3 ANOVA analysis exclusively based on the mean amplitude of centroparietal sites where the N100 amplitude was found to be the strongest revealed no significant effect of Modality (F(1,31) = 1.86, MSE = 25.78, p = .18, η²p = .005). The same analysis based on the mean amplitude or the peak amplitude over CPz and Cz again showed no significant effects of Modality (CPz, mean amplitude, F(1,31) = 0.35, MSE = 2.07, p = .56, η²p = .011, CPz peak amplitude, F(1,31) = 0.003, MSE = 2.15, p = .99, η²p = 10−5, Cz, mean amplitude, F(1,31) = 2, MSE = 9.1, p = .17, η²p = .06, Cz, peak amplitude, F(1,31) = 1.1, MSE = 10.98, p = .32, η²p = .03). Furthermore, an analysis based on the peak latency over CPz and Cz again revealed no main effect of Modality (CPz, F(1,31) = 1, MSE = 407, p = .33, η²p = .03, Cz, F(1,31) = 3.1, MSE = 327, p = .10, η²p = .02).

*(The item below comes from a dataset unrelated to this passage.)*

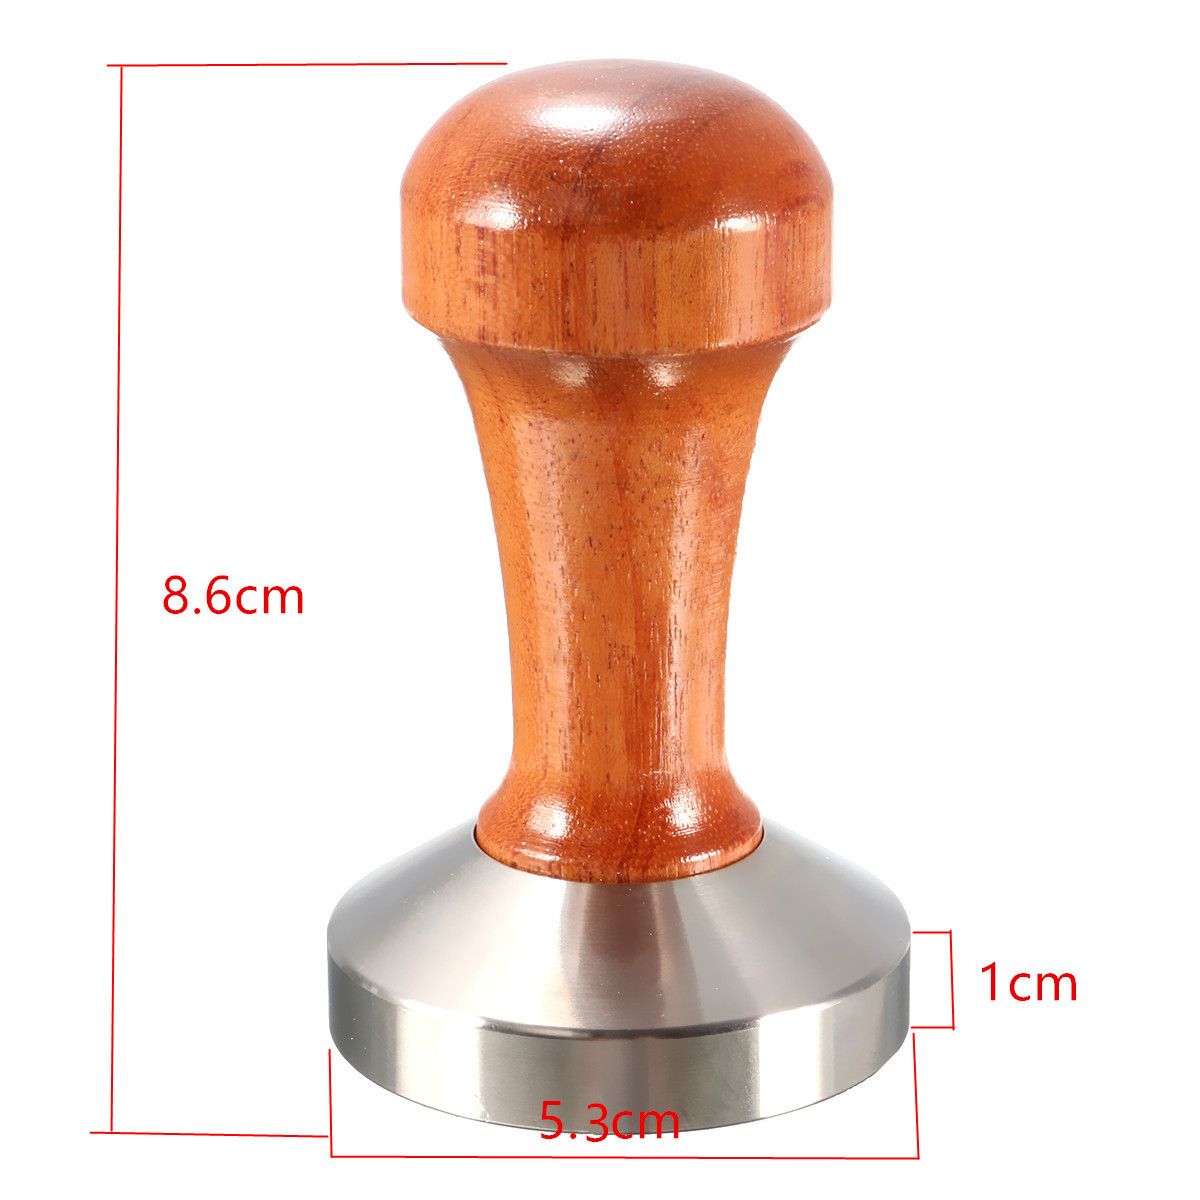 53mm-Stainless-Steel-Cafe-Coffee-Tamper-Bean-Press-for-Espresso-Flat-Base-Wooden-Handle-1170307
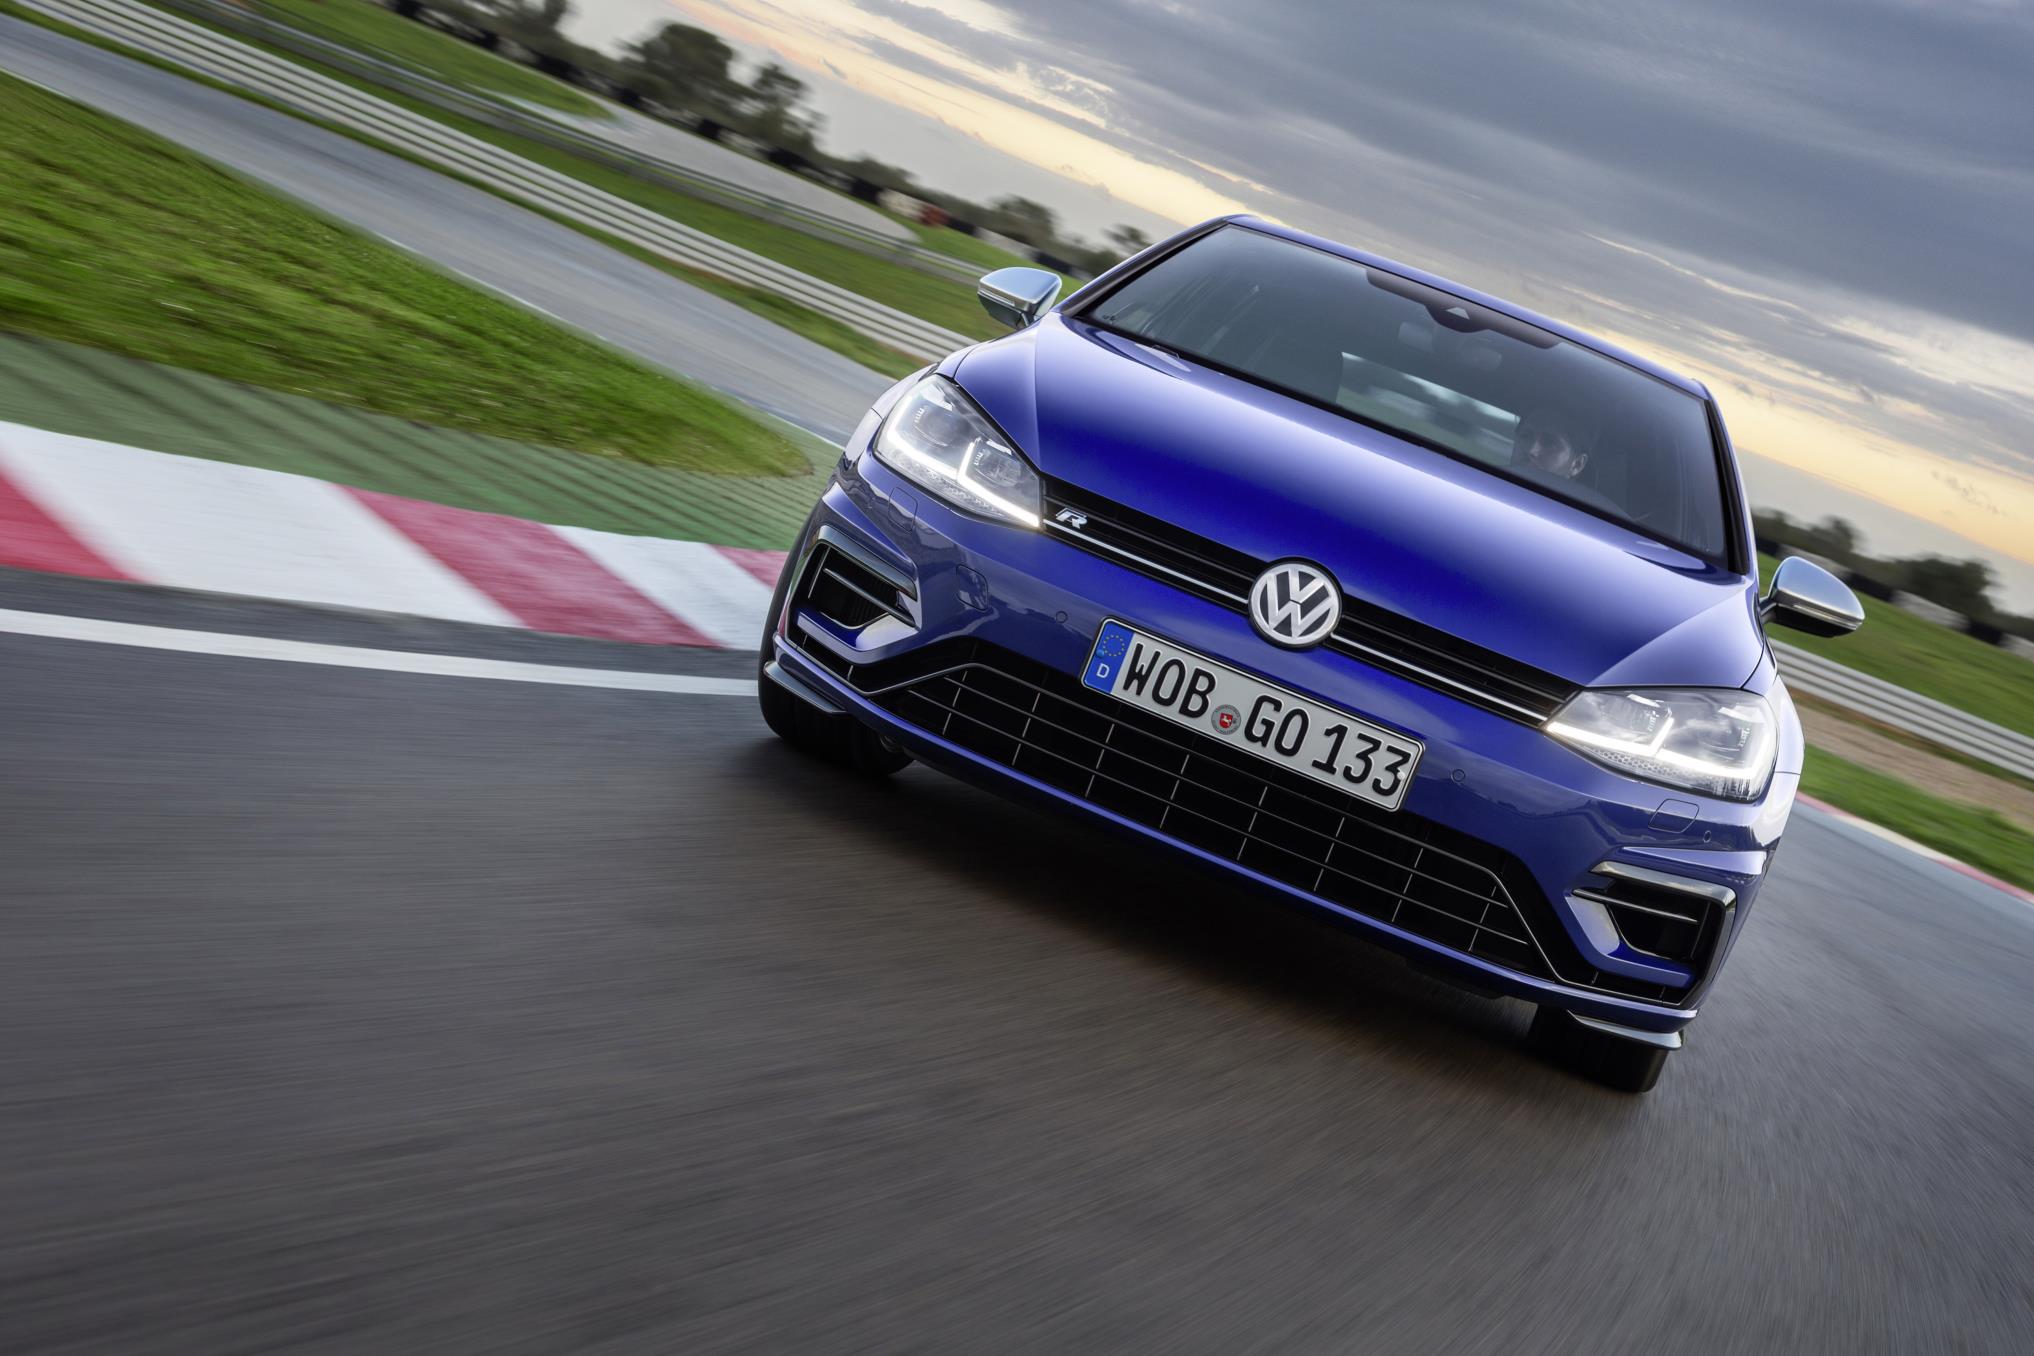 The Golf R's all-wheel-drive system makes it unstoppable in all conditions

4 The P200 is apparent during the listening of natural speech when auditory evoked spread spectrum (AESPA) analysis is used (Power, Foxe, Forde, Reilly, & Lalor, Citation2012). The AESPA method is sensitive to electrophysiological brain response related to the amplitude envelope of a natural continuous speech. Contrary to this approach, we tracked to ERPs responses after expected and incongruous words in the context of semantically constraining sentences. In such experimental designs (e.g. Connolly & Phillips, Citation1994; Connolly et al., Citation1990; van den Brink & Hagoort, Citation2004; van den Brink et al., Citation2001), a N200 is elicited when the initial phonemes of the perceived word do not match the initial phonemes of the expected word from the sentence constraints.